Verification of Supercooled Cloud Water Forecasts with In Situ Aircraft Measurements

Abstract

In situ measurements of temperature (Ta), horizontal wind speed (V), dewpoint (Td), total water content (TWC), and cloud and supercooled cloud water (SCW) events, made during 50 flights from three research field programs, have been compared to forecasts made with the High Resolution Model Application Project version of the Global Environmental Multiscale model. The main purpose of the comparisons was to test the accuracy of the forecasts of cloud and SCW fields. The forecast accuracy for Ta,V, and Td agreed closely with the results from radiosonde‐model validation experiments, implying that the aircraft‐model validation methodology was equally feasible and, therefore, potentially applicable to SCW forecast verifications (which the radiosondes could not validate). The hit rate (HR), false alarm rate (FAR), and true skill statistic (TSS) for cloud forecasts were found to be 0.52, 0.30, and 0.22, respectively, when the model data were inferred at a horizontal resolution of 1.5 km (averaging scale of the aircraft data). The corresponding values for SCW forecasts were 0.37, 0.22, and 0.15, respectively.
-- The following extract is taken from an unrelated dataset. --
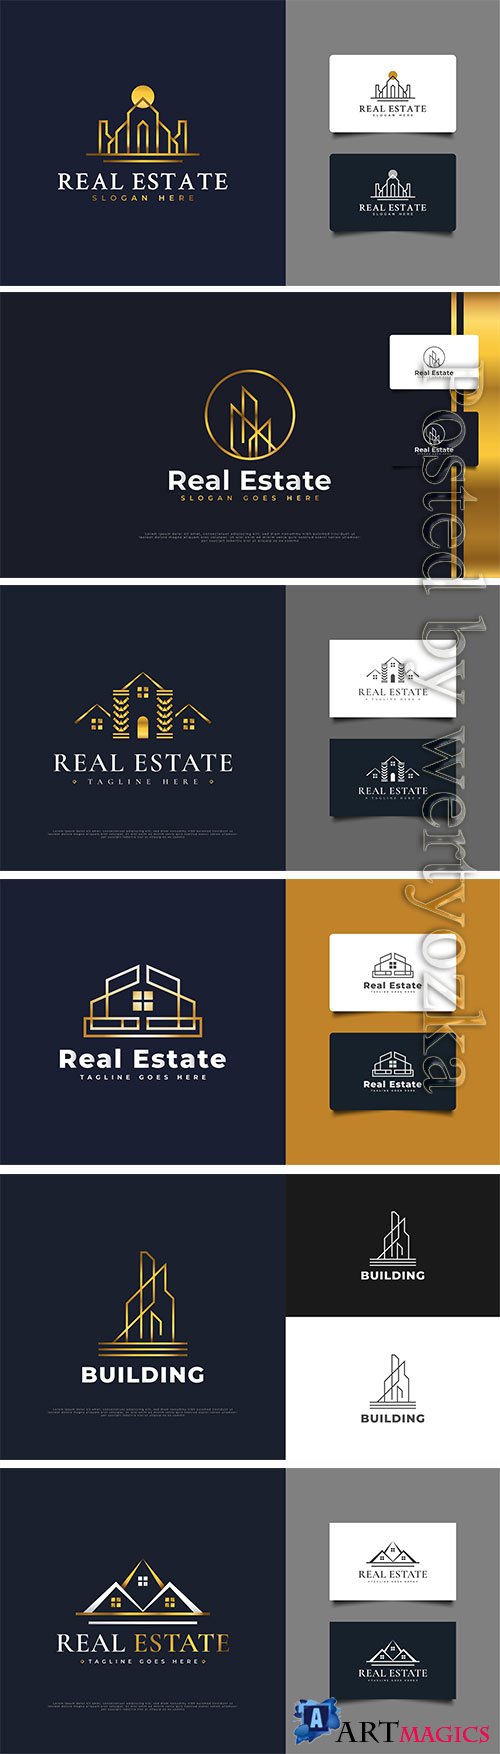 Luxury real estate logo vector design in white and gold

The HRs (FARs) for cloud and SCW events are sensitive to horizontal resolution and increase to 0.76 (0.50) and 0.66 (0.53), respectively, when a horizontal resolution of 100 km is used. The model TWC was found to agree poorly with aircraft measurements, with the model generally underestimating TWC. For cases when the forecasts and observations of cloud agreed, the SCW-forecast HR, FAR, and TSS were 0.63, 0.22, and 0.41, respectively, which implies that improvement in the model cloud fields would substantially improve the SCW forecast accuracy. The demonstrated comparison methodology will allow a quantitative comparison between different SCW and cloud algorithms. Such a comparison will provide insight into the strengths and weaknesses of these algorithms and will allow the development of more accurate cloud and SCW forecasts.